# Would shock collars work on goats?



## Kennedymarne (Jun 16, 2015)

Our male goat has been wandering to the neighbors yard a lot lately. At first it wasn't a big deal, the neighbors at some point have had pigs, horses, and even cows wander into our yard, so it's not like they weren't understanding, but now he's starting to cause problems. He eats their flowers, knocks stuff over, and just plain irritates them. We have been trying to figure out a way to keep him in our yard. A large fence isn't a financially feasible option because we will not live in this home long-term. He has a small fence around the barn that we would put him in when we weren't home then let him out when we were, but now he's able to jump over it. The only place we have to keep him that he can't get out of is a very small fenced in area with a top over it. Would an electric shock collar work for goats?

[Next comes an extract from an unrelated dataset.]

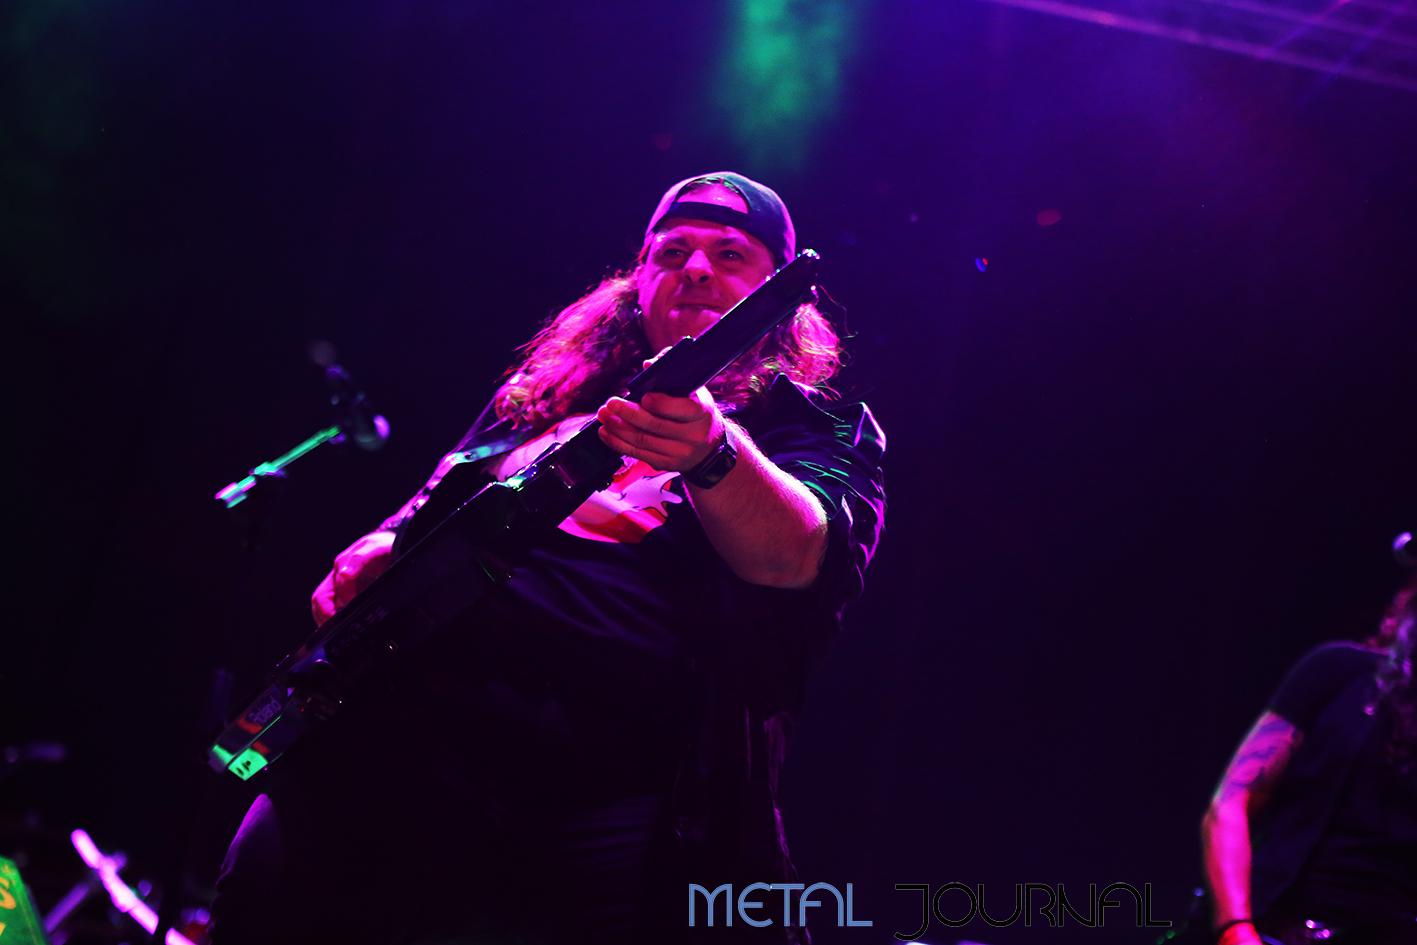 medina azahara - leyendas del rock 2019 metal journal pic 3

Like the ones they make for dogs? I know many people use electric fences so I assumed it would be fairly similar, but I wanted to check with more experienced people first. Has anyone done this?


----------



## Crossroads Boers (Feb 19, 2011)

My sister who has a sheep dairy tied her ram up to a big tire that he couldn't pull around. When it was time to move him, they'd roll the tire around. I'm not sure how big your buck is, but that may be an option?


----------



## Kennedymarne (Jun 16, 2015)

I have considered that. My only fear with that is that he'd have nowhere to go if a stray dog or coyote or something were to show up, but that isn't usually a problem


----------



## Onion-Creek-Oberhaslis (Sep 25, 2013)

I used a shock collar on a fence jumping doe. It worked as long as I was watching her (the whole time). It didn't ultimately train her, it just saved me the hassle of always putting her back. The other option is an electric in ground fence.


----------



## just_plain_bob (May 4, 2013)

shock collars fix nothing


----------



## Jessica84 (Oct 27, 2011)

I agree it really doesn't fix anything, although I do put one on my buck when he is in a mood at the other goats but I doesn't fix the problem since I still have to keep doing it.
I would suggest a electric fence. You can pack it up and take with you when you move very easy. Instead of pounding a bunch of t post they have these plastic poles that you can step on and it goes right in the ground. I think they are $2 at tractor supply but they have little hooks on them already to put the wire threw. But again it would be super easy to pack up and take with you when you move.


----------



## Goats Rock (Jun 20, 2011)

I agree, an electric fence would work better.


----------



## lottsagoats1 (Apr 12, 2014)

The invisible fences would not do well for goats. They would panic and not really understand the boundry issue. Thye are more a visiual fence type of critter. Dogs have a totally different mind set with territories and all. Goats are not hard wired that way.


----------



## Kennedymarne (Jun 16, 2015)

Thank you all for your help! I think short term we will put him on the tire then put him up at night!, but we do plan on getting an electric fence and making the perimeter around our barbed wire fence so he has something visual too. Thank you all!


----------



## janeen128 (Dec 31, 2012)

I use an invisible fence for my dog, however I strung it up so when she sees it she knows her boundaries. I had a buck that was an escape artist last year, even with electric fencing..., so I strung the dog fence around the bucks pen and put a collar on my buck... Worked like a charm, after 3 weeks took it off and he has never crossed a fence since... My does also would do the same thing, so I put the collars on them, and after a few weeks, they have never tried to cross a fence line again... It works great, but I wouldn't burry the wire though....


----------



## shaunnab (Jan 4, 2016)

*Tie out*

I have trained my ladies to function on heavy duty cables. I take a small fence post and bang it into the ground, tie the cable around it and hook the goat up. My cables are 20 feet. This works great, takes a little time for them to learn their boundaries, but they do well. That being said, I wouldn't feel comfortable leaving them out while I am not home, but I suppose you could. When they are not on their cables they are in a large dog kennel, 6 feet high.


----------